→ TASK TO COMPLETE
Please make an exact copy of the lines from the one holding "art automotivdesign BMW" through the end of the data, both ends included, with no pictures.

→ DATASET CONTENT
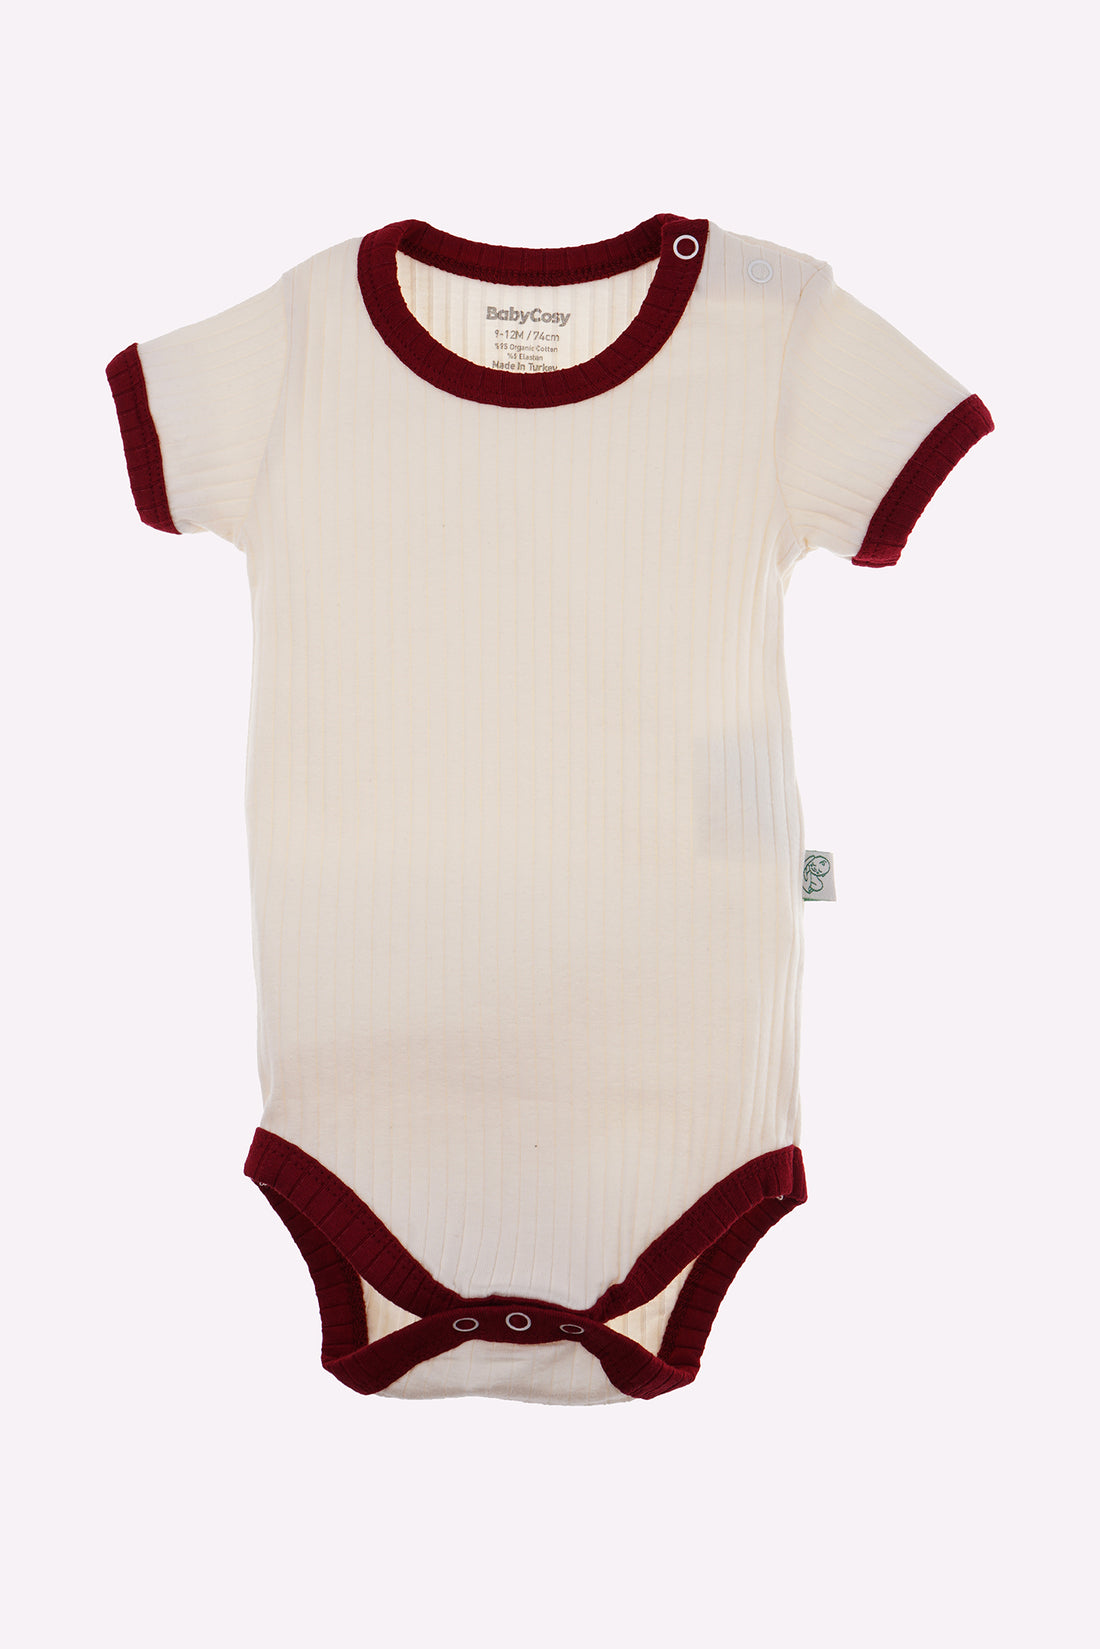 Babycosy Organic Shortsleeves Bodysuit Set of 2 (Creamy White & Red)
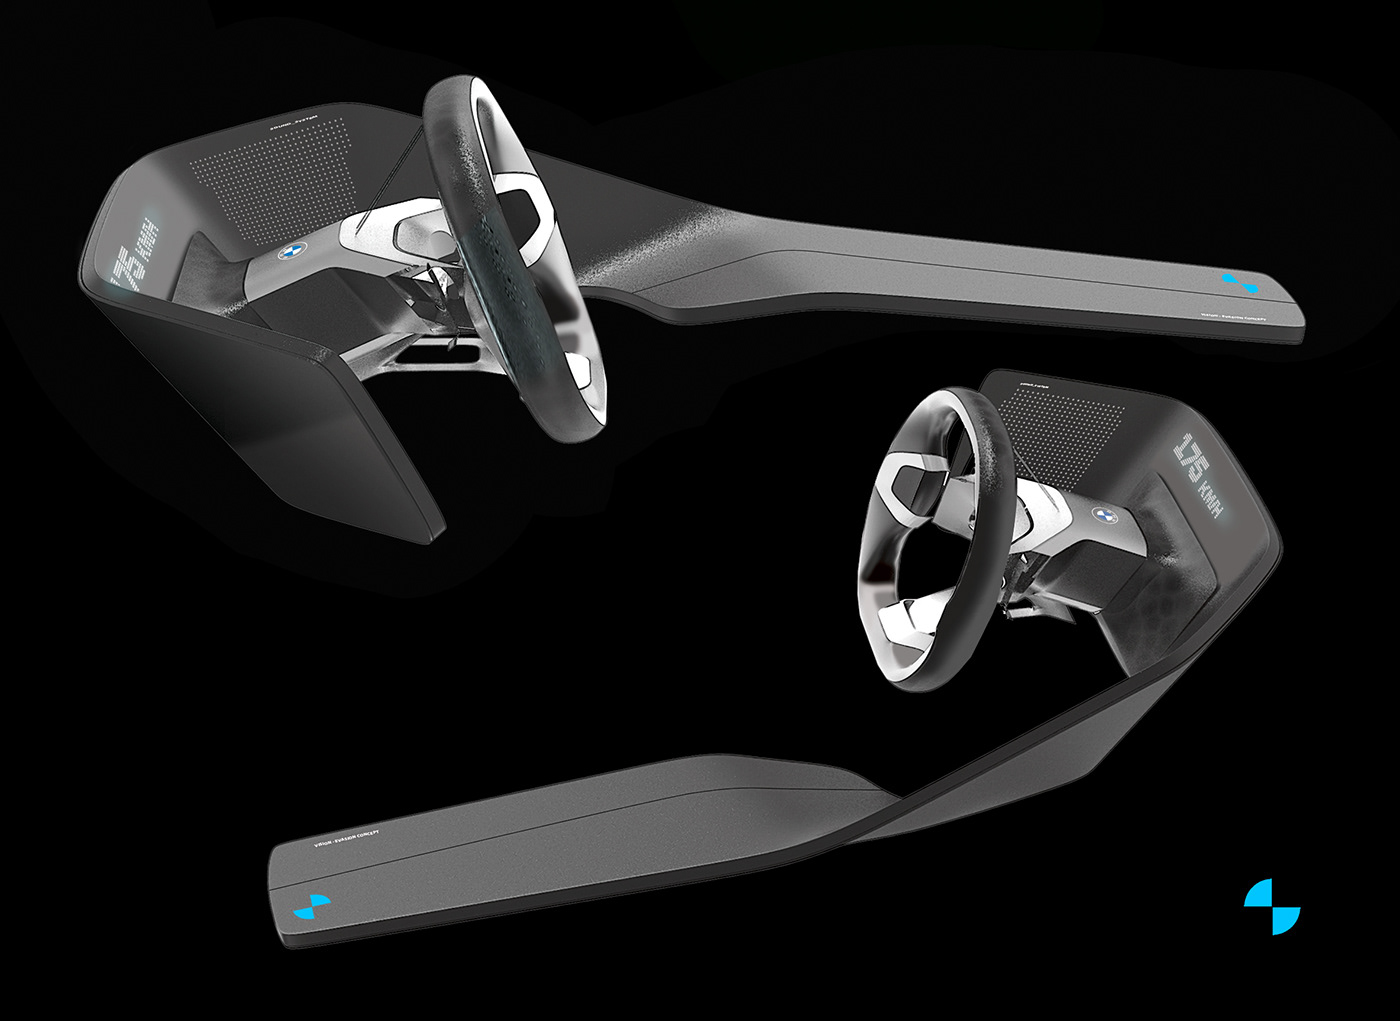 art automotivdesign BMW car cardesign cardesignsketch concept ILLUSTRATION  industrialdesign sketch
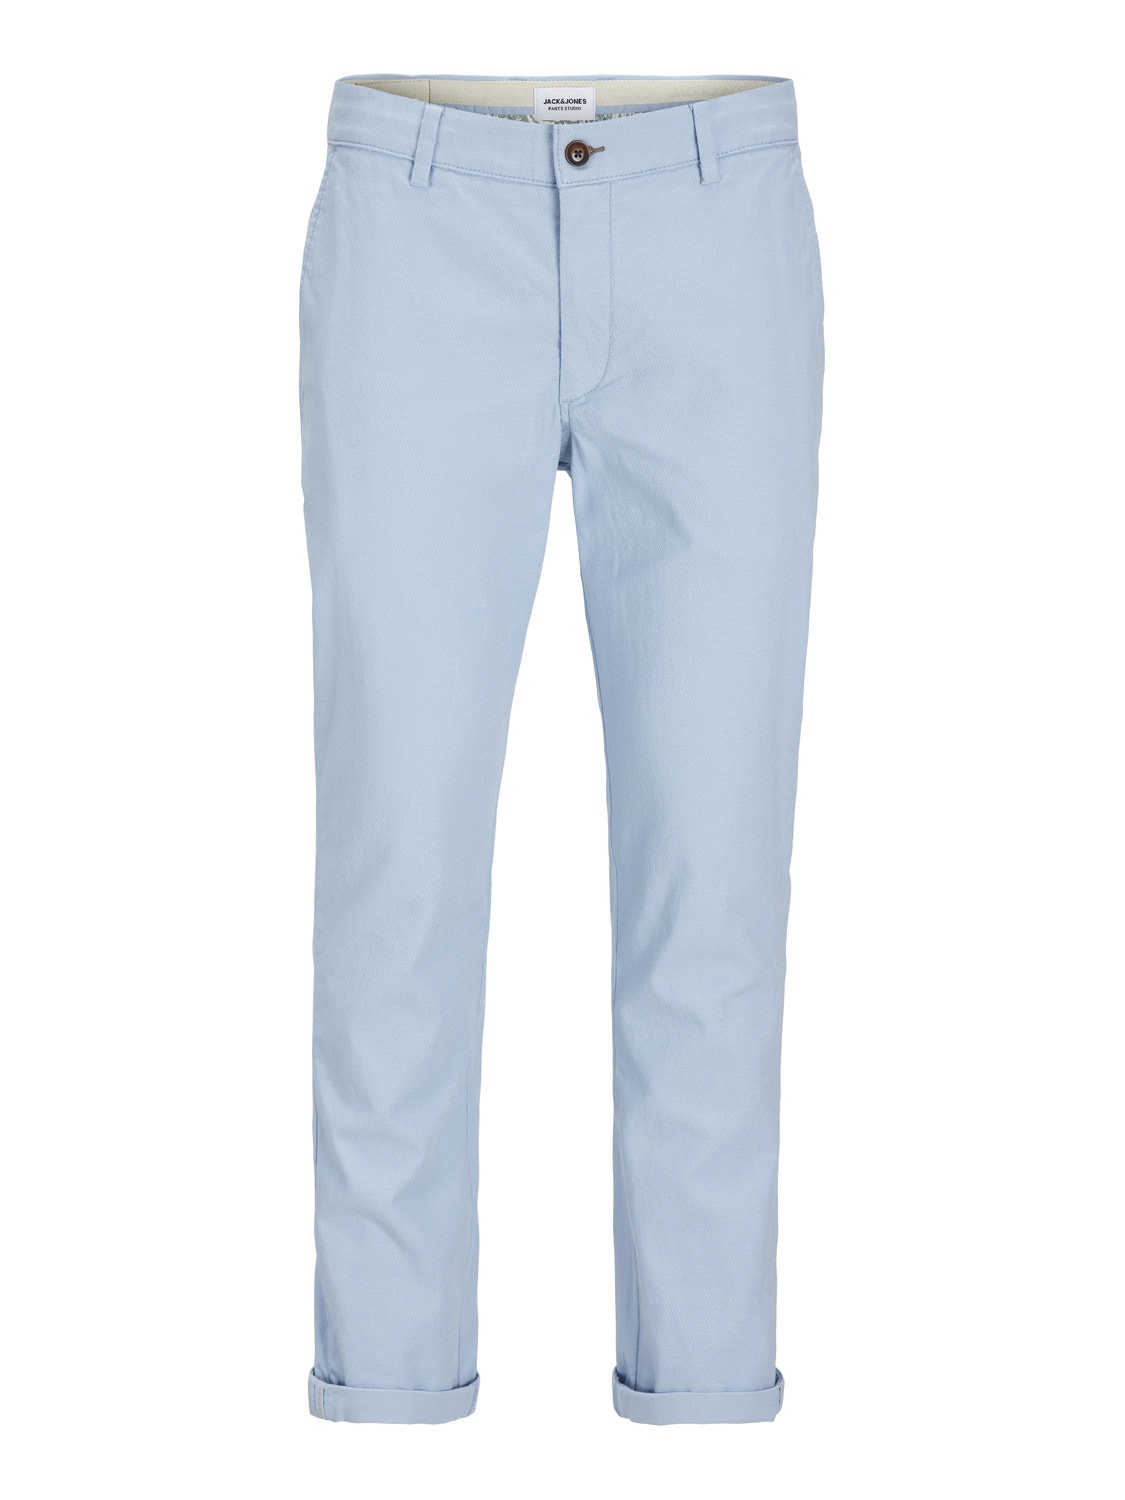 Jack & Jones Slim Fit Chino trousers -Mountain Spring - 12206198

→ EXERCISE OUTPUT
 art automotivdesign BMW car cardesign cardesignsketch concept ILLUSTRATION  industrialdesign sketch
 Jack & Jones Slim Fit Chino trousers -Mountain Spring - 12206198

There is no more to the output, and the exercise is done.